Task to complete:
The needed output is the run of lines below from the one containing "Peinture haute résistance" through the one containing "Putih - Premium", copied exactly and free of pictures.

Data listing:
>>

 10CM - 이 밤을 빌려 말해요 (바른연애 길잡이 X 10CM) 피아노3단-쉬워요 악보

<<
>>

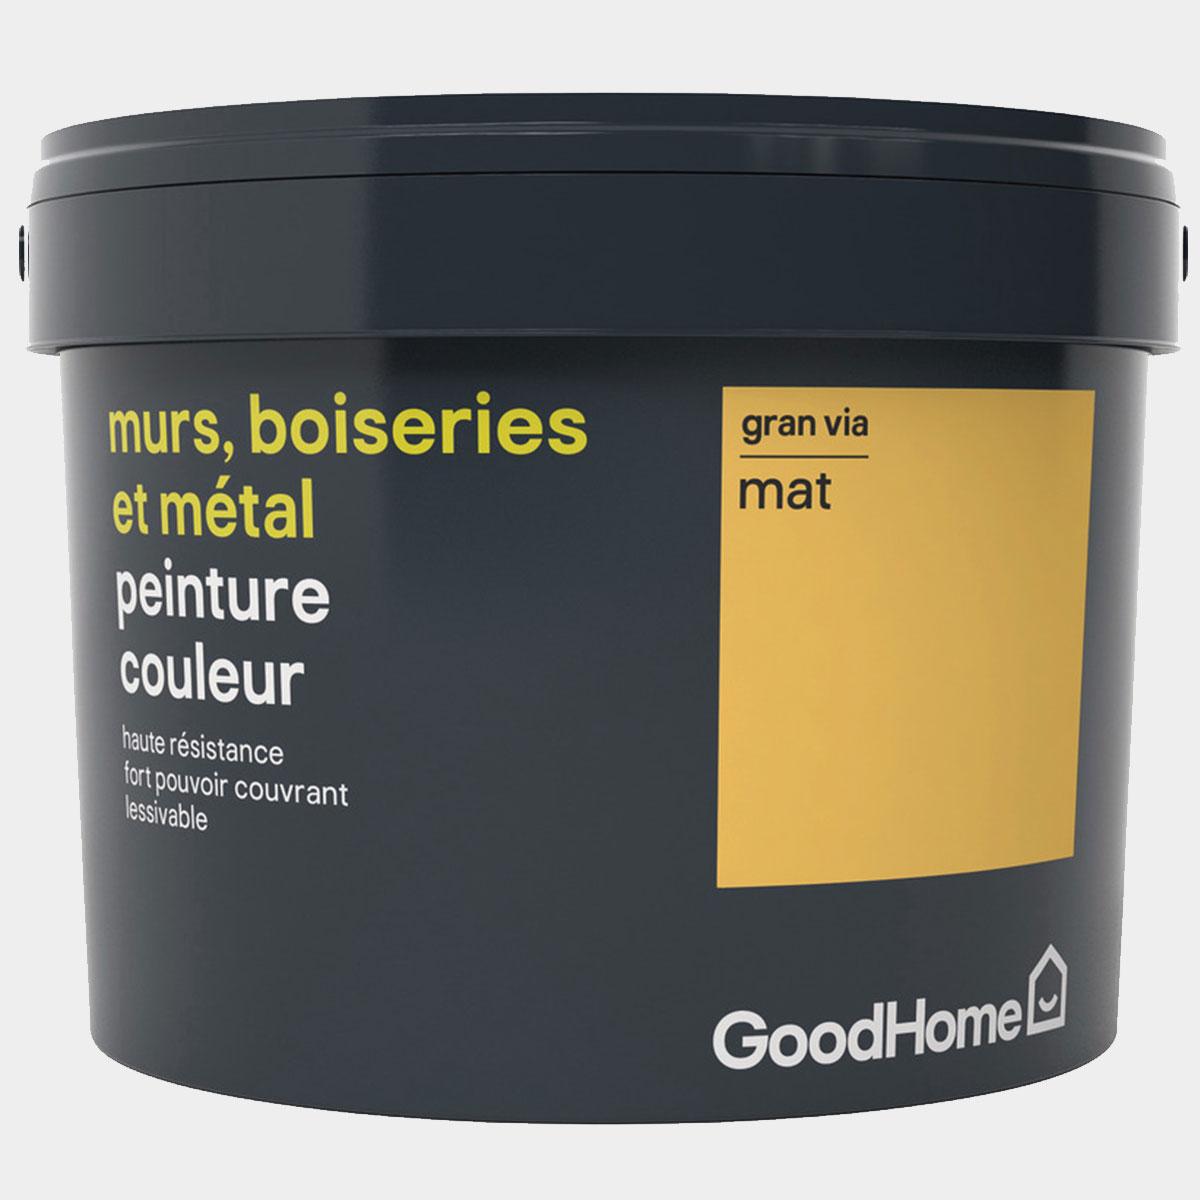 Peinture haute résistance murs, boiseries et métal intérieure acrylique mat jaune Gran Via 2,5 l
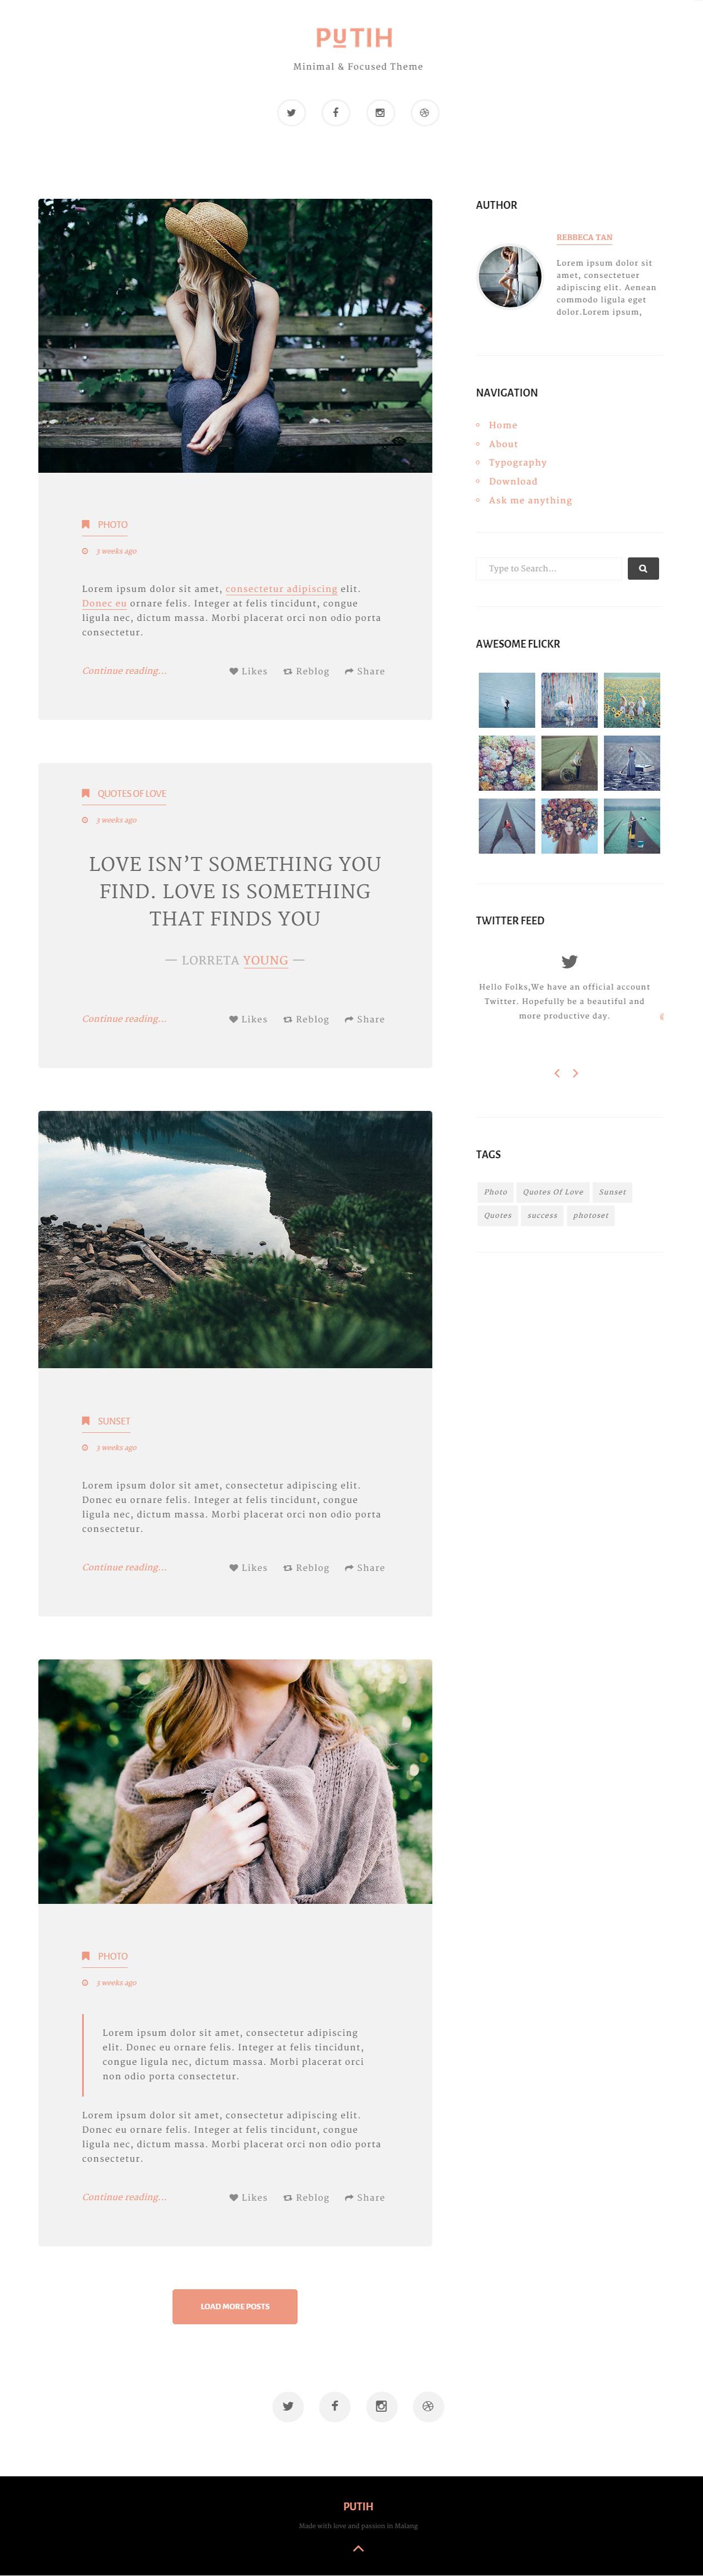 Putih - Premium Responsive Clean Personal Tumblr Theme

<<
>>

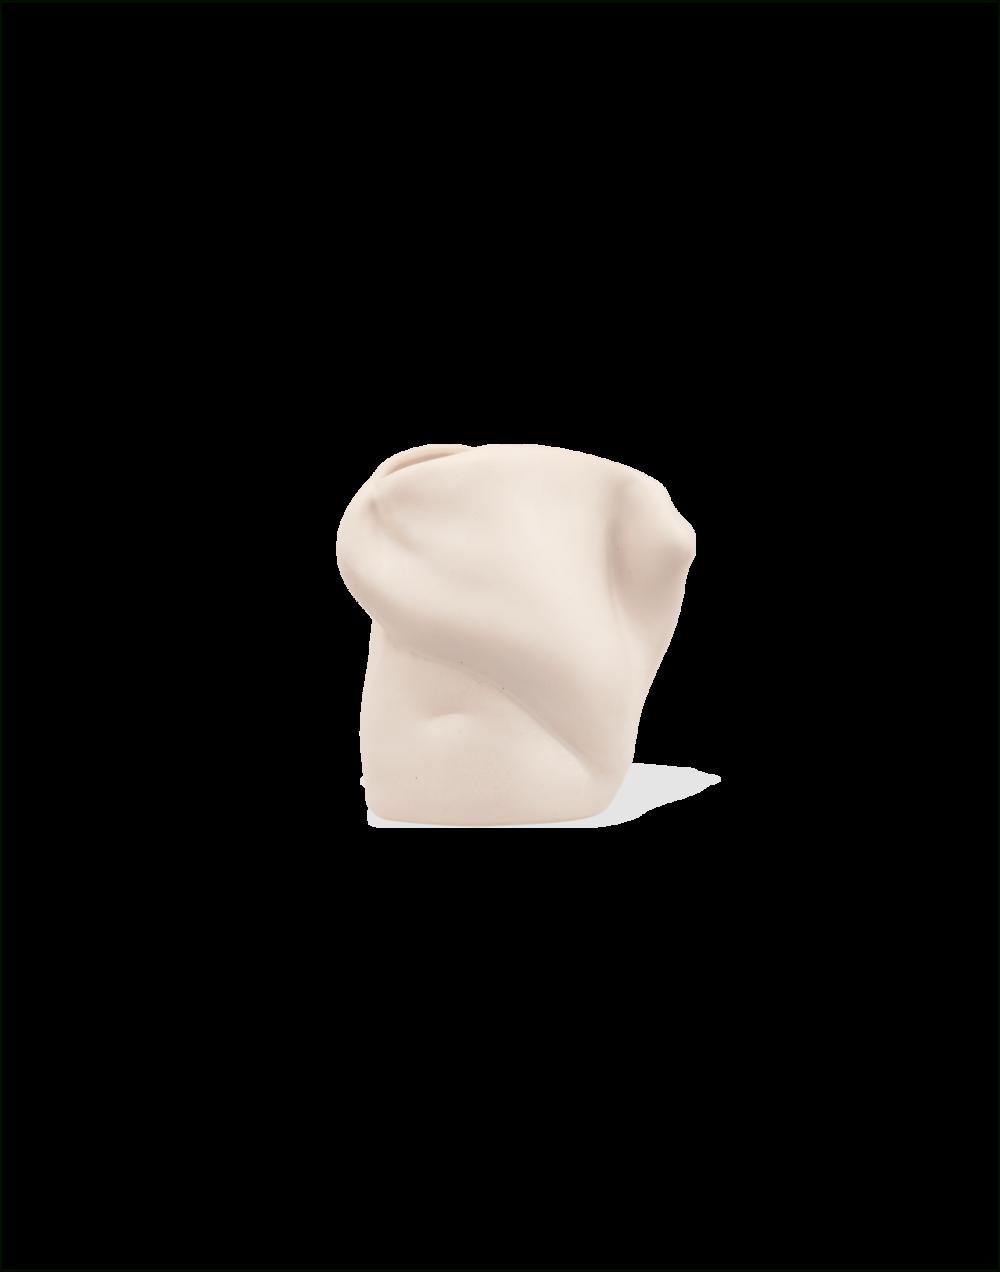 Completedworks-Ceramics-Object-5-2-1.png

<<

Written response:
 Peinture haute résistance murs, boiseries et métal intérieure acrylique mat jaune Gran Via 2,5 l
 Putih - Premium Responsive Clean Personal Tumblr Theme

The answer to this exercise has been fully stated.